Hidden Kitten - Cats & Animals Background Wallpapers on Desktop Nexus  (Image 2185870)

Imposter syndrome is tough. We’re all tempted to compare ourselves to others in our occupation or field of passion, and find ourselves lacking. With creatives, there is a slightly bigger risk to this happening, because (just for example) self-published authors can, at the click of a mouse, be scrolling through the accomplishments of a traditional author on multiple bestseller lists, and feel we will never reach that level of achievement.

This doesn’t mean that we aren’t “real” writers, though. By definition, a writer is someone who writes. So if we manage to write a book, then we have succeeded in earning this title. Trad or indie pub is another matter entirely. (Oh, yes, I’m getting to it.)

Since many writers are also avid readers, it’s pretty inevitable that we’re going to read a book in our genre, authored by someone else, and determine it’s amazing, and worry we’ll never be able to write something as amazing. In a way, this is normal. In a way, this can even — hear me out — be positive.

No, I don’t want us all beating ourselves up and wailing in agony as we burn unfinished manuscripts in an 18th century-style fireplace. But there’s a big difference between feeling we’re inferior — and realizing there’s more to learn and aspects of the craft to hone, and becoming determined to grow in our own expertise.

Sometimes that sort of motivation — “If I can capture metaphors the way so-and-so does”, “I’d love to know how to plot backwards, just like what’s-his-face” — can indeed help us perfect our own art.
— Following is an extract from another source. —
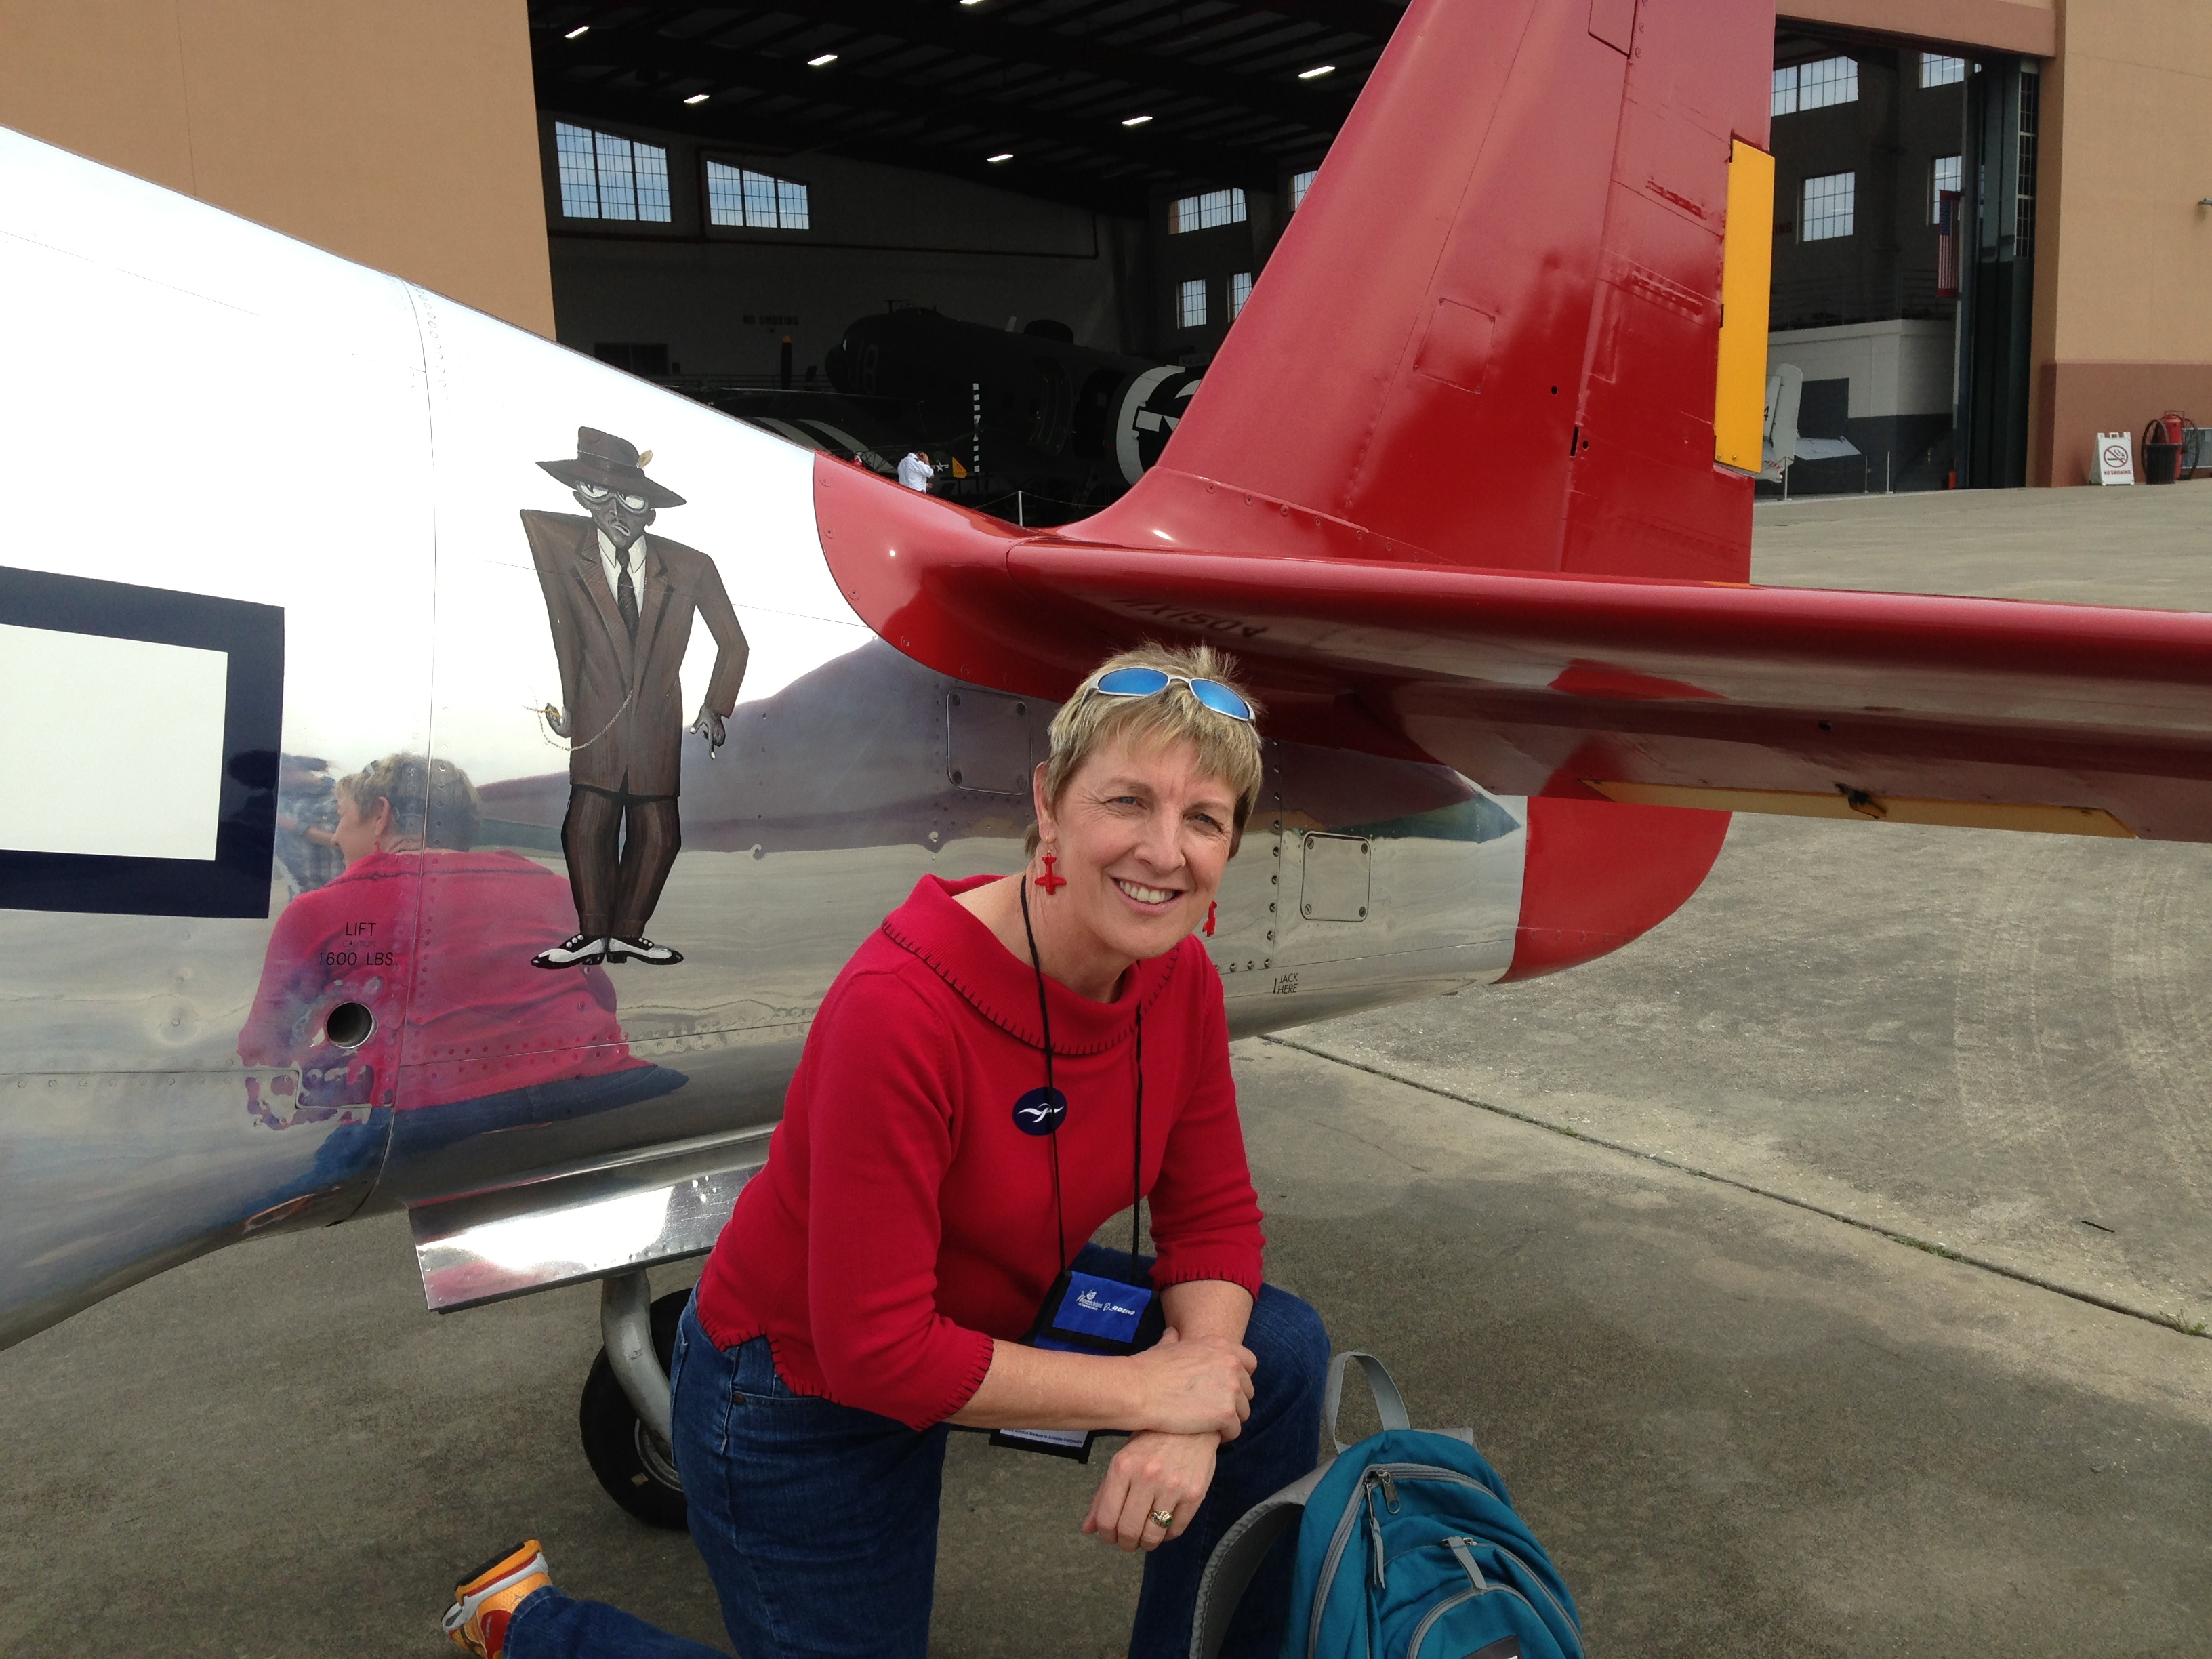 Captain K. Christian Ebert: A Fearless Life, a Giving Legacy

Competition is a tricky thing when it comes to the arts. As creatives, we’re all individuals, even when we’re in the same discipline or style. So comparison isn’t a fair game from the start (it’s literally an apples to oranges scenario), and we have to be careful that we don’t crap on ourselves and what we can bring to the medium, and its audience.

Being inspired by those already established in the field is just going to happen, and that’s a really excellent thing. Reading Maggie Stiefvater showed me the value in subtly revealing character interaction and growth. Neil Gaiman left me with a distinct impression of knowing how all the pieces fit together. Terry Pratchett taught me that you can deliver a powerful message without building a soapbox.

Rather than trying to imitate our heroes, we need to find what about following their methods uncover our own strengths. Don’t write like Tolkien or Diana Wynne Jones to become the next them. Use the formulas or techniques that most inspired you to better shape your work.

Don’t shame your fellow creatives, either. You don’t have to like every single self-published book; you can still be supportive of indie authors. Just don’t accuse people who have poured their heart and soul (and quite frequently at least a few gallons of sweat, tears, and blood) into what is a massive accomplishment of “not being a real author.” Just because you catch a few typos in their social media posts. Or feel they aren’t “mature enough” or “educated enough” or…whatever “enough.” If the subject or style of their work isn’t for you, VALID. But LET THEM HAVE THEIR MOMENT. Even if you may never read their book, be HAPPY for them.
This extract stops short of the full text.